**Aim of the task:** Any picture in the listing is left out of the copy; all else is duplicated exactly.

**Dataset excerpt:**
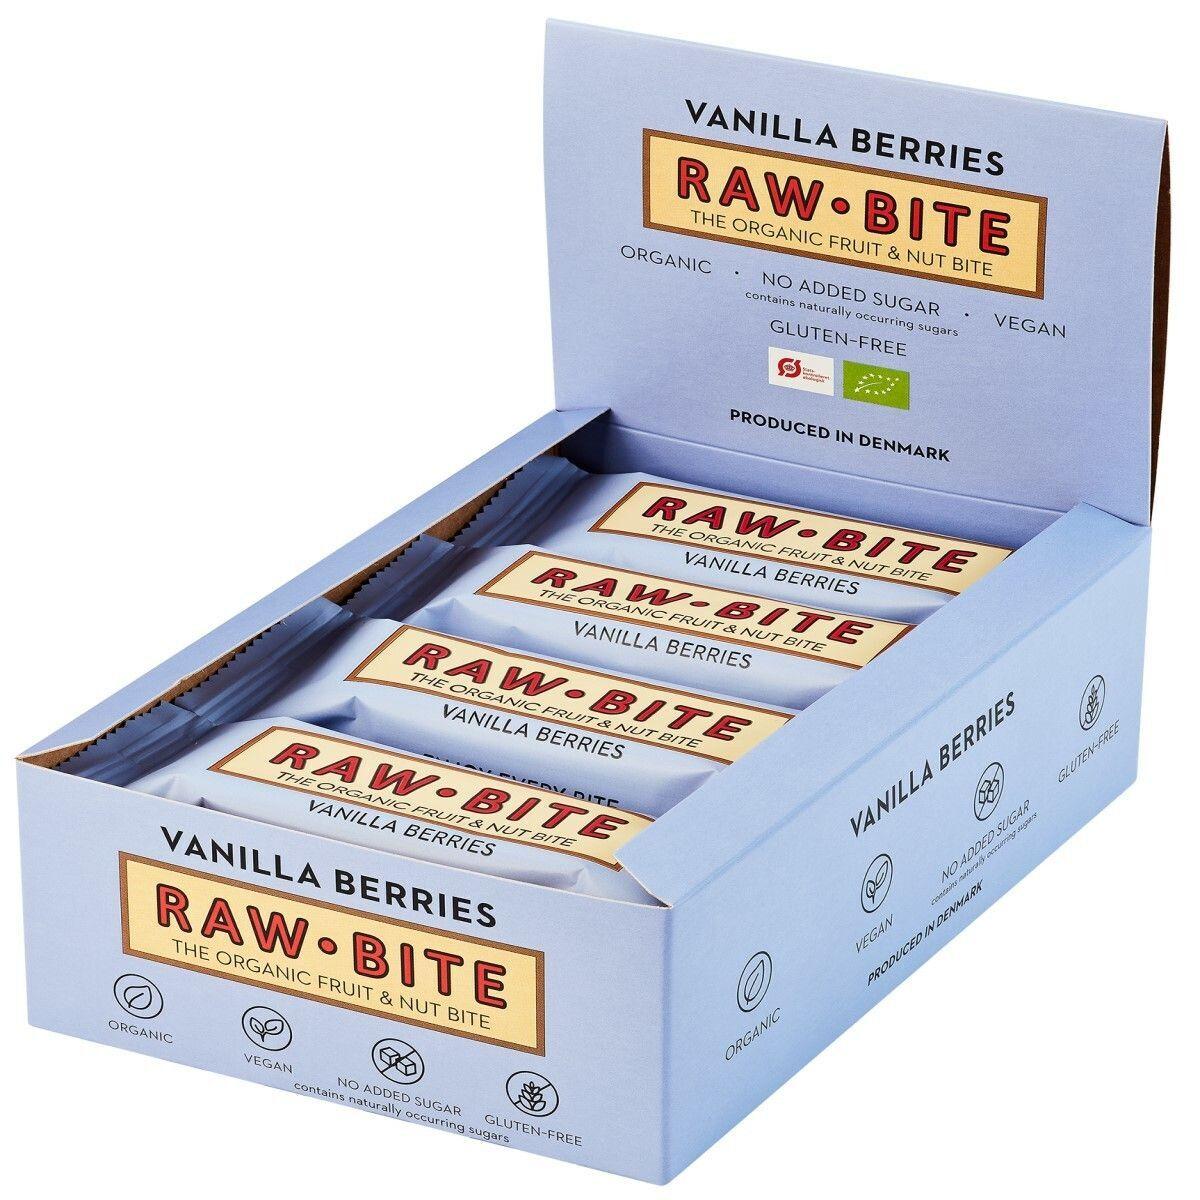 Rawbite RAW BITE Bio Barres Baies de vanille g Barre
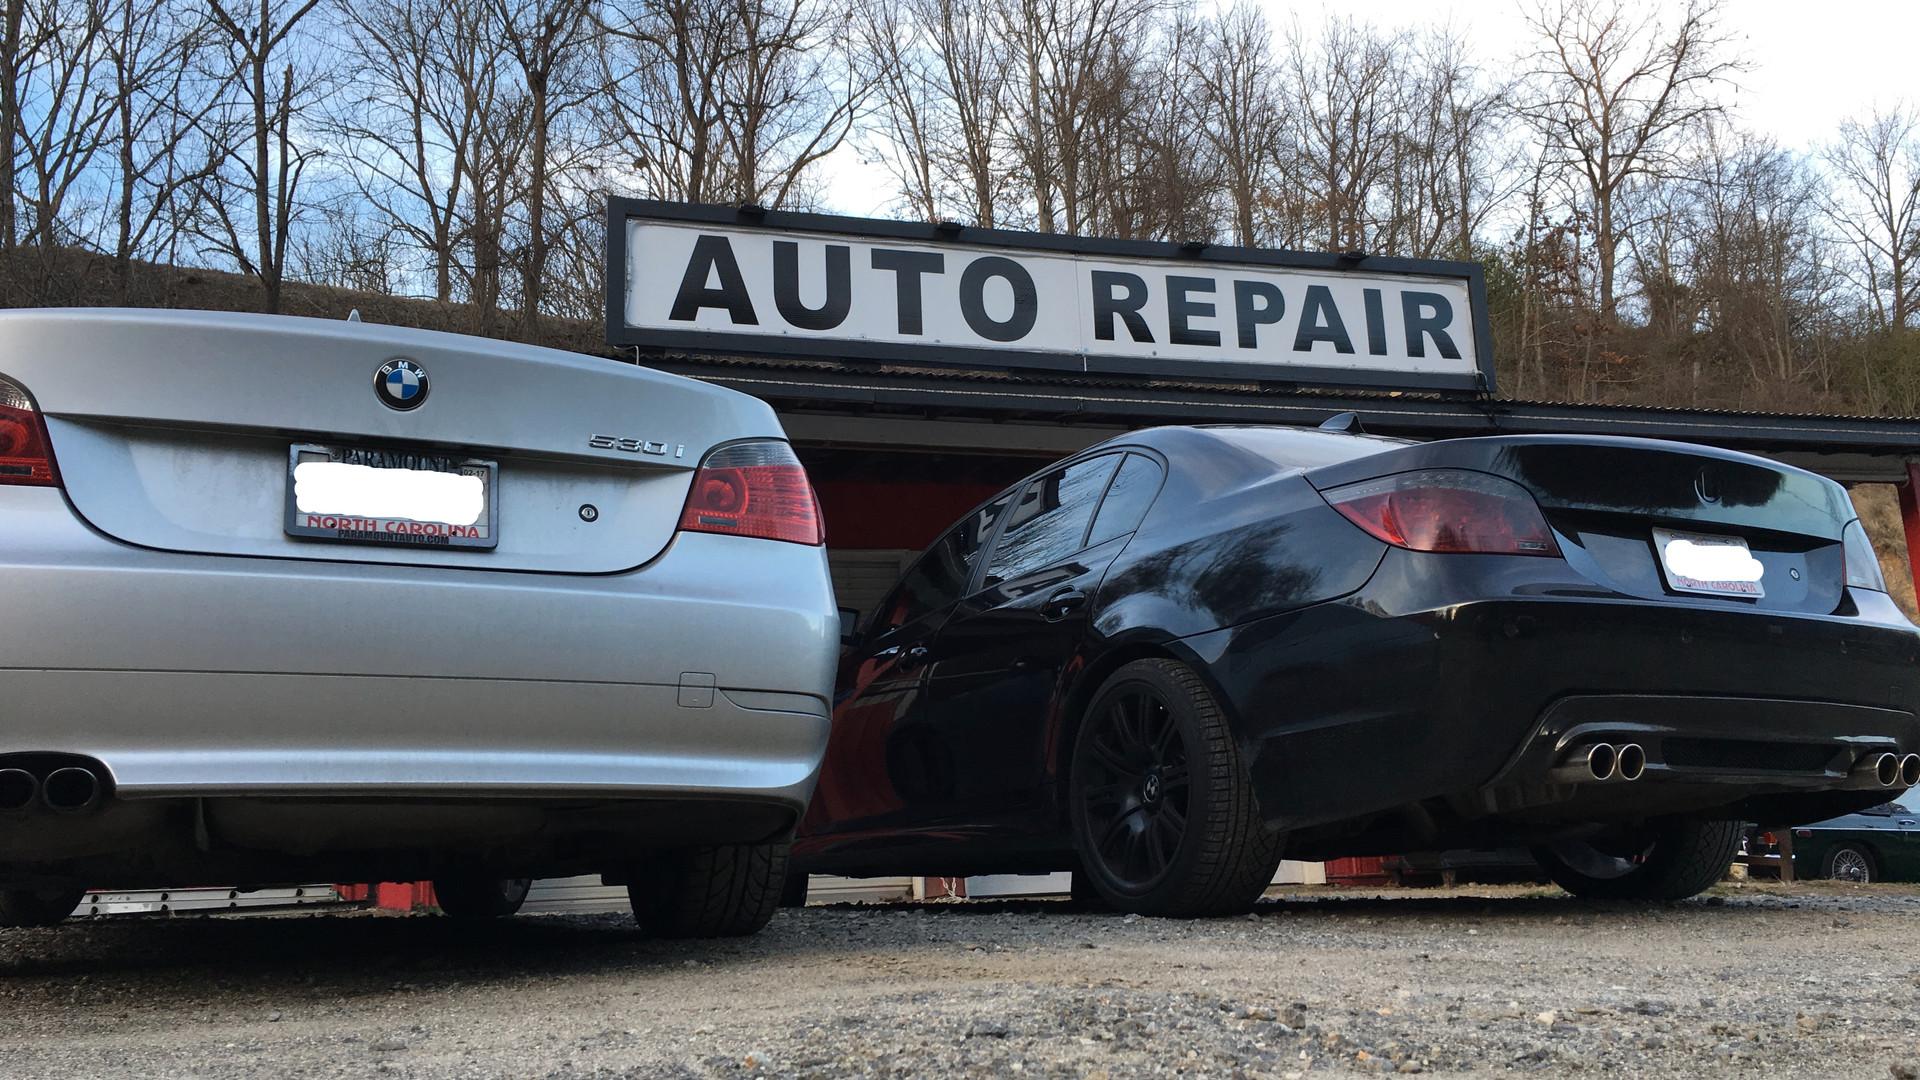 Empire Automotive Repair loves BMW's
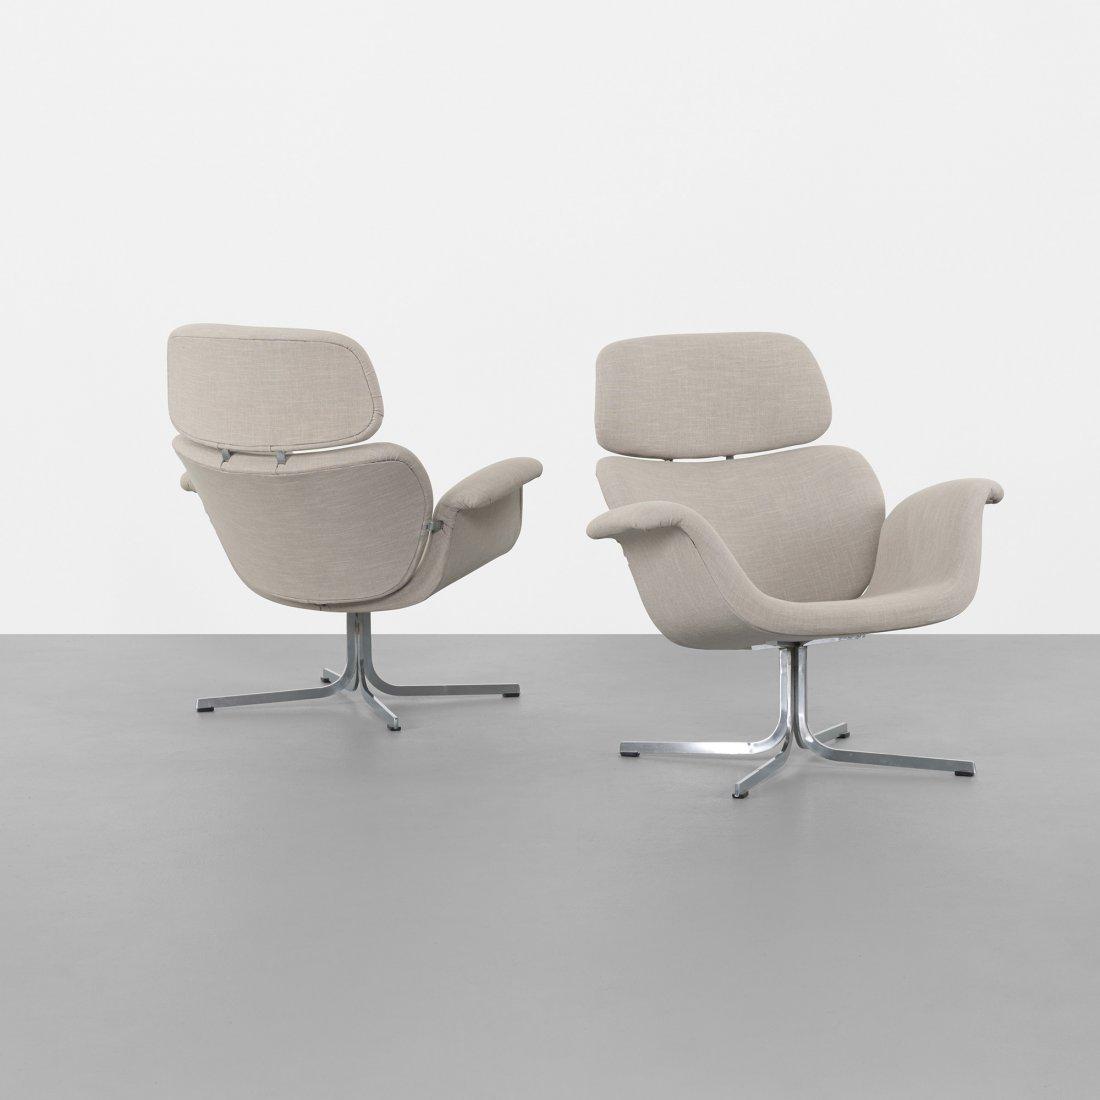 Pierre Paulin Tulip lounge chairs, pair

**The completed task:**
 Rawbite RAW BITE Bio Barres Baies de vanille g Barre
 Empire Automotive Repair loves BMW's
 Pierre Paulin Tulip lounge chairs, pair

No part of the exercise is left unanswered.